I recovered from the jet-lag, both yesterday and today my internal alarm rang at 7am. Yesterday morning there was time for lot’s of nembutsu before the alter (I’m sleeping in our shrine room here, up on the roof, above our flat) this morning, I fell back to sleep and was woken up my alarm clock, several presses of the snooze function later, I managed a bleary eyed prostration before coming down to the flat.
Two days ago I bought an Indian sim-card for my phone, but the law is that foreign national have to register their passport details when they buy a sim-card, and leave a passport sized photo. I thought I’d bought a couple of spares with me, but couldn’t find them, so yesterday Suvidya took me to a little photoshop near his house, in Shanti Nagar, to have some more taken.
Shanti is in UP, the state on Delhi’s northern border. It’s the biggest state in India, stretching right up to the top of the country, and there’s a lot less money around than in the capital. It’s noticeable as soon as you cross the border, the potholes in the road increase tenfold and the standard of the buildings around drops. Cows and bulls roam the streets, mingling with the children (once the schools have closed) and old people sitting watching the world go by. Spaces of empty land, without buildings become dumping ground for waste, which the rag pickers will work over, finding anything of value.
Off the main road, the tarmac disappears completely, deep open sewers run alongside the road (I rescued a puppy from one of these yesterday), the shops above them, one room in the front of somebody’s house, have a step or ramp across the narrow stream of black water, leading up to them. It was to one of these one room shops that we went to find a photographer. Up the steps, and behind the counter, a photo studio: A wall with different coloured curtains for the background, and a stool. I had my photo taken, and handed over the money. Only problem? No printer in the studio, so we’d have to wait another day to get the photos that were already a day late.
Suvidaya promised to bring them to the flat this morning at 9am. At 10am Prakash was here waiting to take the form and the photos back to the phone shop, but no Suvidya. We called and found he was outside the shop in Shanti – waiting for the photos. With no way of knowing how long the photos were going to take to arrive, phone shop calling to find out where we were – we decided to try somewhere else.
Prakash and I jumped on his bright red bike, and we headed up Loni road, just over the crossroads (four lanes of traffic, a stop light with a countdown and everyone jostling to be first when the lights go green) we pulled upside another photo booth. India is a land of contrasts, from the vast wealth divide between the upper classes, and the street people, to the mix of spirituality and materialism, and the contrast between the litter strewn streets, covered in dust from the millions of exhausts, and the road works – to the expensive camera and PC inside the shop. The newest technology in the most unexpected places, like the TV’s I have glimpsed inside the tents of people living on the roadside.

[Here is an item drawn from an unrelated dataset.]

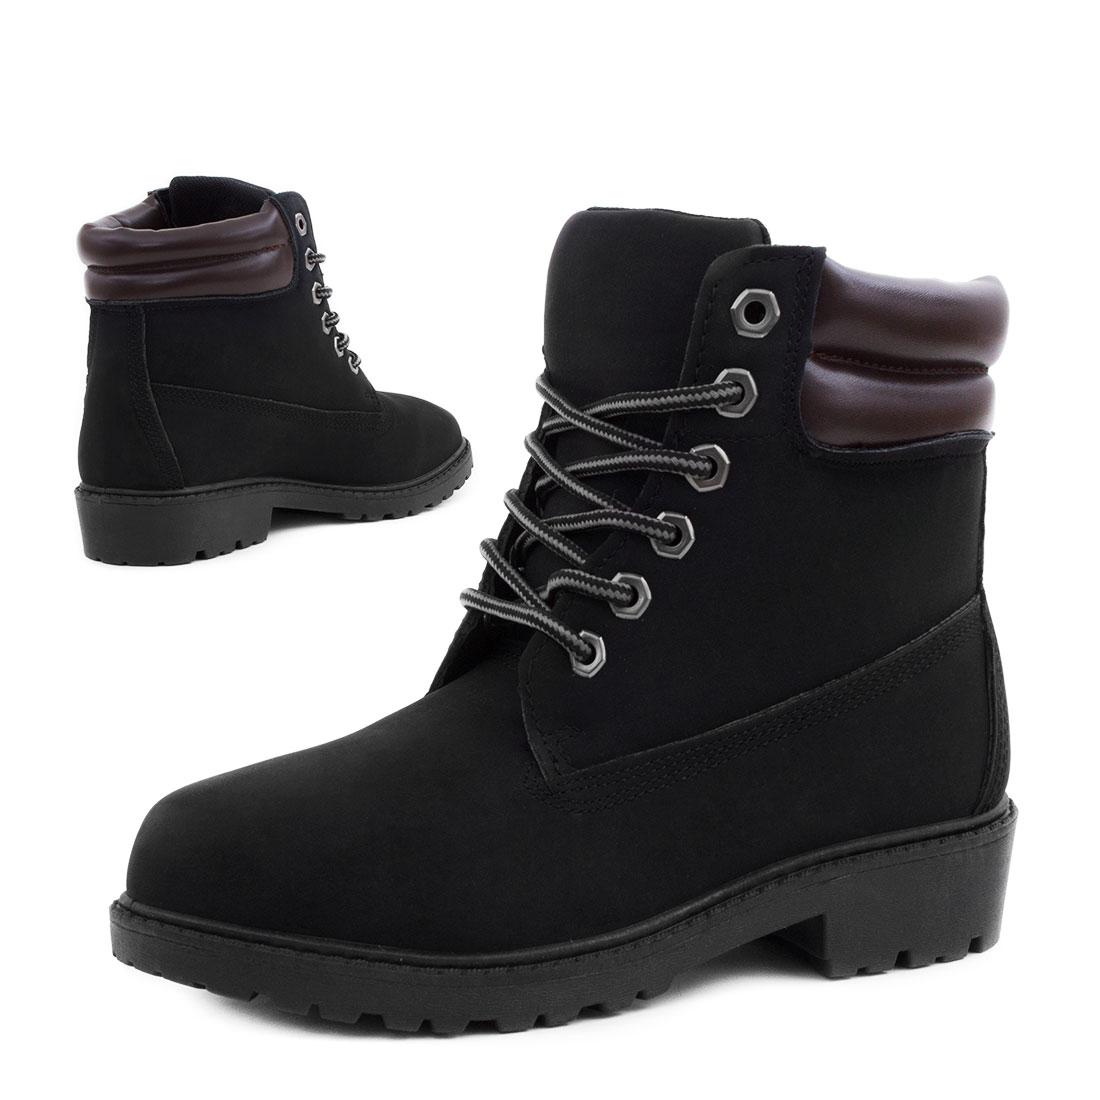 damen herbst winter boots schn rer metallic stiefeletten gr e 36 37 38 39 40 41 ebay. Black Bedroom Furniture Sets. Home Design Ideas

Getting the photos printed here was no problem, so I’ve now got a working mobile phone. The only must have accessory for people of all castes in India.
This afternoon, another bumpy dust rickshaw ride down Loni road, just across the Delhi/UP border into Ambedkar colony. This is one of the new outreaches this year. Today was a special day, the performance of English here, and then an hour of Buddhism, but today it was two hours of Buddhism. The first a chaotic drama, with about 50 children all pressing up against our chosen performers. The second a Pureland service, just for adults and the children of the family hosting us.

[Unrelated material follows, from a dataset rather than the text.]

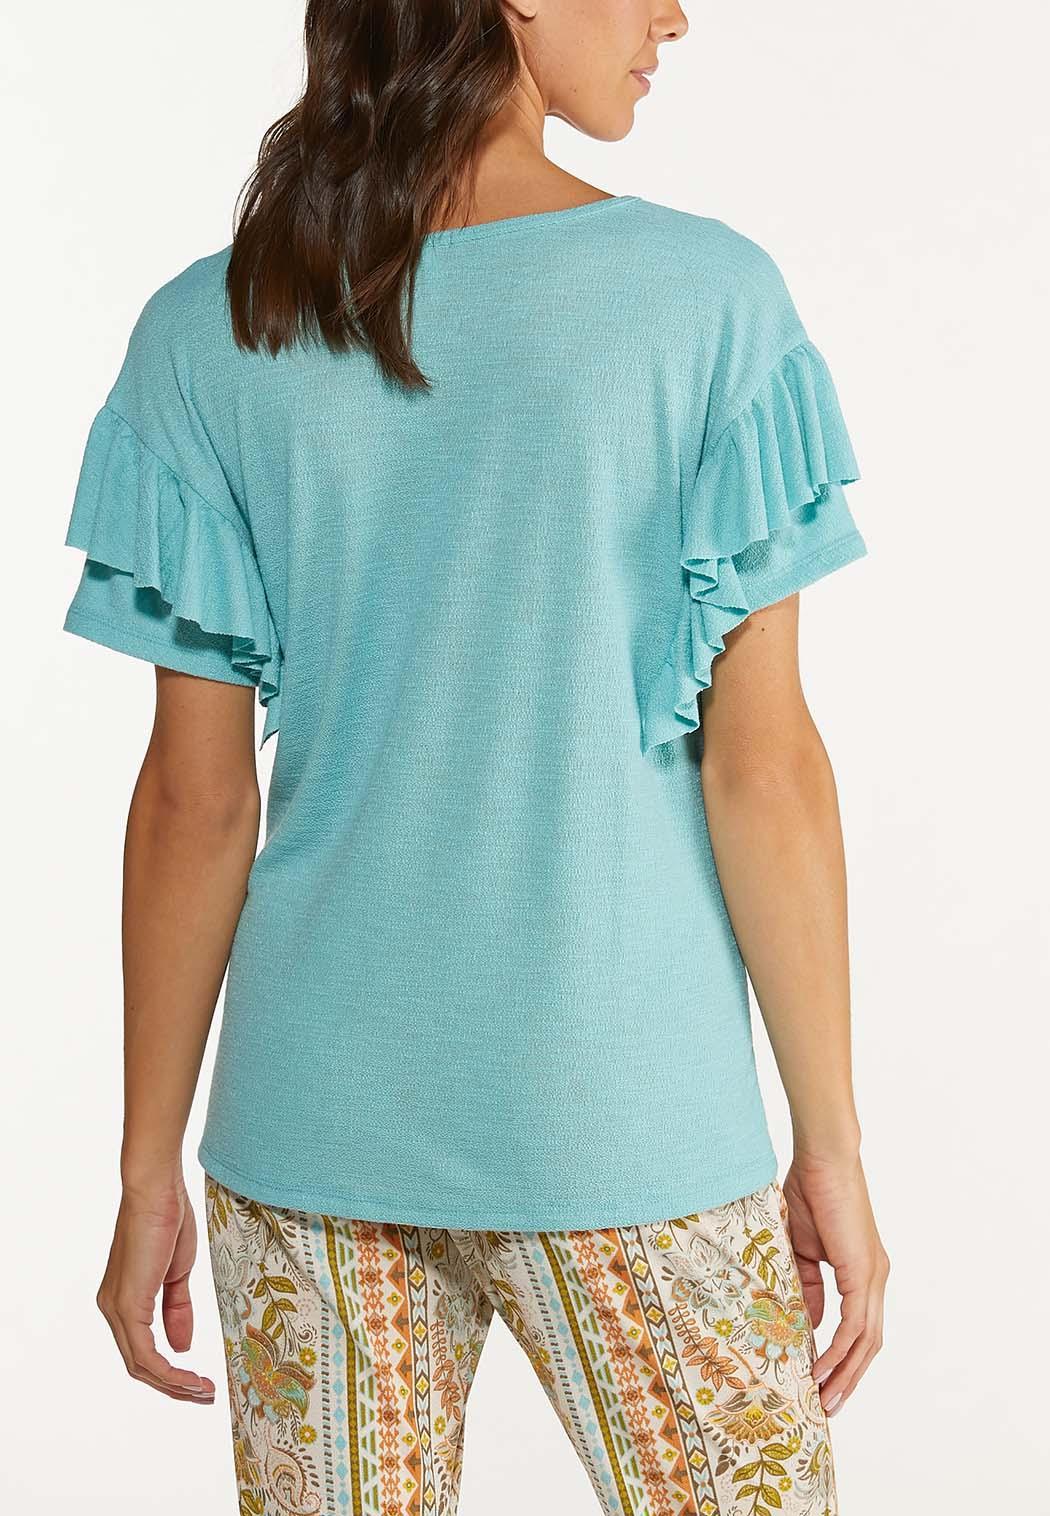 Ruffled Stud Embellished Top (Item #44640878)

It was wonderful to hear the sound of nembutsu from all these different voices, from the 10 month old baby (more of a gurgle than a nembutsu) to the oldest adult, our rikshaw driver, joining in for the first time today. I shall have to tell you more about him sometime. I confess to being nervous before leading the service, I wasn’t sure how much people would understand, even with Pratap, our wonderful translator, and knew that they’d been doing things in a different order to what I’m used to. I think the main issue for me is learning at what level to pitch what I’m saying, I can feel resistance to ‘dumbing down’ the dharma, I expect because I know how much it means to me, the depth of the teachings I have received. But our practice is very different to what people here are used to – it’s the first time many of them have done formal practice, or received Buddhist teachings of any kind at all. Usually the chanting and meditating is left to the monks, and there are simply not enough qualified and willing teachers around to explain the dharma, so it will really be a case of keeping it very basic.
We’ve two services tomorrow here in the shrine room, so I’ll shall try to keep that in mind, channel my enthusiasm for the depth and complexity of the teachings into a simple heart practice.